The Inauguration of Hunter R. Rawlings III as President of Cornell University

October 12, 1995

To Compose Cornell: Cultivating the Mind

Inaugural Address by

Hunter R. Rawlings III
10th President
Cornell University

This is an exhilarating moment: to be formally received into this community! I am honored to accept the mace and the great seal of Cornell University, before this body of witnesses, and to follow my nine predecessors in pledging to uphold the University's founding ideals. I take up these symbols with pride, eagerness, and high resolve, mindful of the responsibility that you, Mr. Weiss, the Board of Trustees, and all Cornellians through you, along with the people of the State of New York, are herewith entrusting to me. I want to thank Frank Rhodes for his wise counsel and active support in making this transition smooth, productive, and enjoyable.

Here and now, already at home in Ithaca, I invite you to join me in setting out for yet another Ithaca, as we begin composing a Cornell we can now only imagine. Inspiring us, encouraging us along the way, will be the examples of all those whose earlier endeavors have brought us thus far.

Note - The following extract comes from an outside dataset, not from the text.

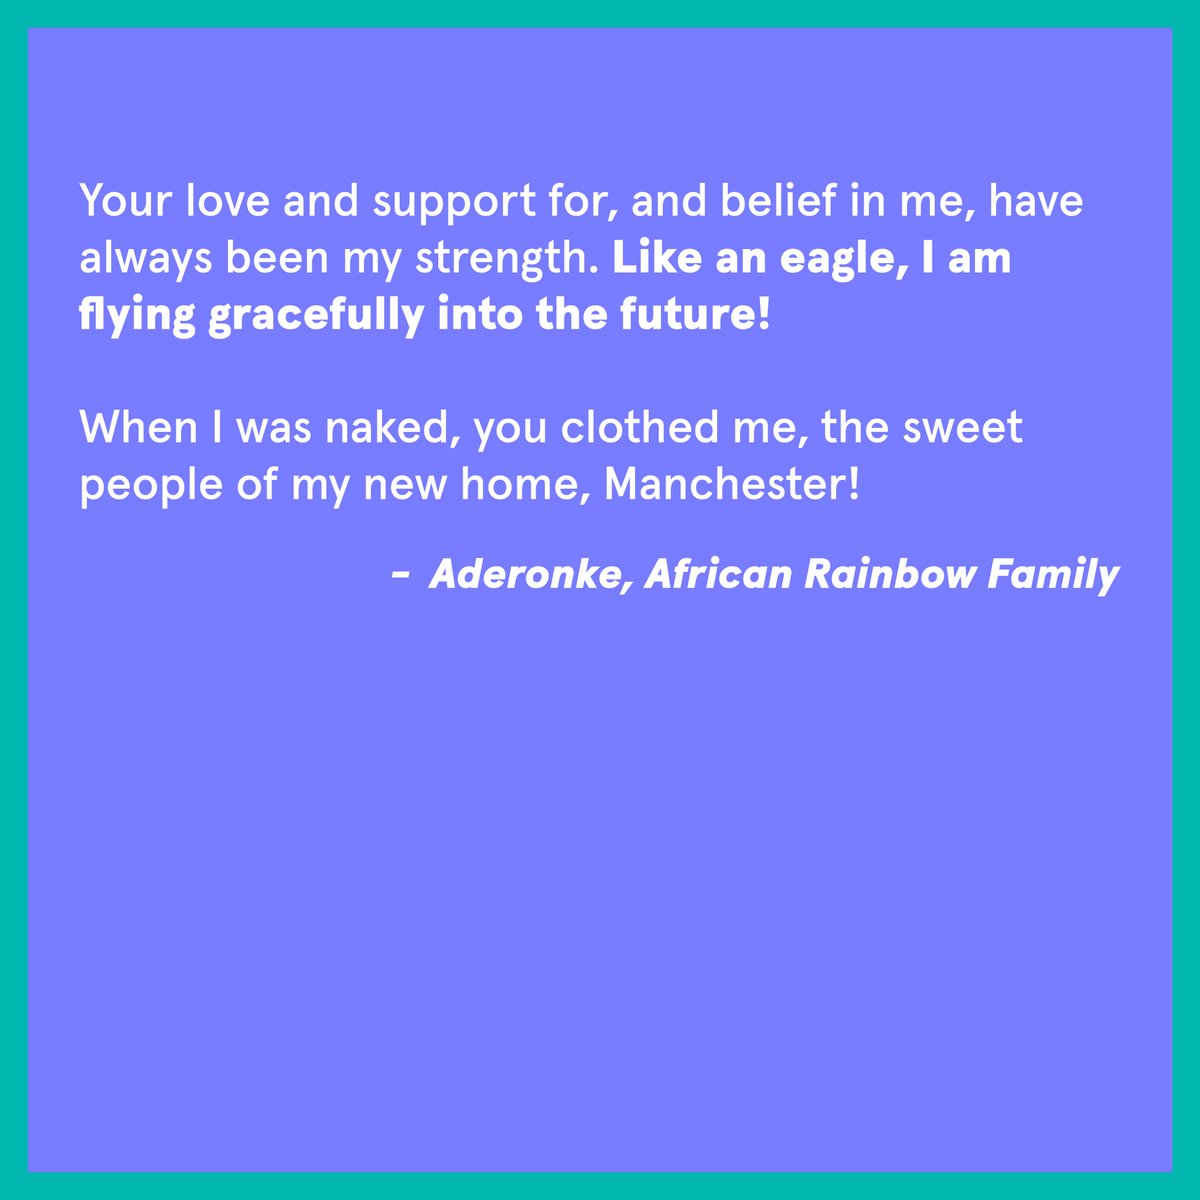 Storytelling makes us human. Inspired by our recent collaboration with @KINDSnacksUK, our partner, @AfricanRainbow1, shared this story of kindness with us about their journey when arriving to the UK. You Clothed Me was written by Aderonke, Founder of African Rainbow Family.

In this American Ithaca, in a land of giddy heights and swirling depths, Cornell University began with a fearless leap. Impelled by an extraordinary confluence of purpose, Ezra Cornell and Andrew Dickson White -- strong-minded idealists -- willed into being a new kind of American university. It was to be, and has become, a center of learning that encompasses the traditional and the novel, the liberal and the practical, the development of the private self and the fulfillment of public obligation. In its founding manifesto, it recognizes as a "fundamental and formative principle," the "absolute and essential importance of human development in its richest diversity." This school where "any person can find instruction in any study" remains the only university in the country to unite the mission of a highly selective, privately endowed institution with that of a state-assisted land-grant university serving all citizens. That is Cornell's unique history -- and the unique source of its strength today.

First the leap -- and then the composing. Here among these ravines and precipices, rock faces and waterfalls, the physical siting of our campus began with a single bridge: a rough but serviceable structure, wide enough to carry a horse and buggy across Cascadilla Gorge, where College Avenue is now. That first bridge was made of good solid wood, yet within ten years the robust young University, with an eye to the future, replaced it with a bridge of iron -- built for the ages, as everyone believed at the time. But within 30 years, the iron bridge, too, had to be pulled down to make way, in 1898, for the sturdy and picturesque stone arch-- the gift of William H. Sage -- that we still use today.

In 1995, in a country of fissures and fault lines, I believe that Cornell University is called upon to build even sturdier bridges, to compose itself anew --not only for its own sake, but for the sake of the state, the nation, and the world.

Let me offer you, then, some initial observations on the Cornell I have seen in my first few months here.

This is a place of multiple strengths and remarkable diversity. It has, to a unique degree, fulfilled the destiny of the American research university in the twentieth century: it offers instruction, and pursues research, in virtually every field of inquiry. Each of our separate parts boasts a splendor of its own; but each, in its vibrancy, makes it more difficult to achieve a sense of collective identity, of what unites us, and animates us as a community. It is right to acknowledge the costs of distinctiveness, as well as to celebrate its benefits.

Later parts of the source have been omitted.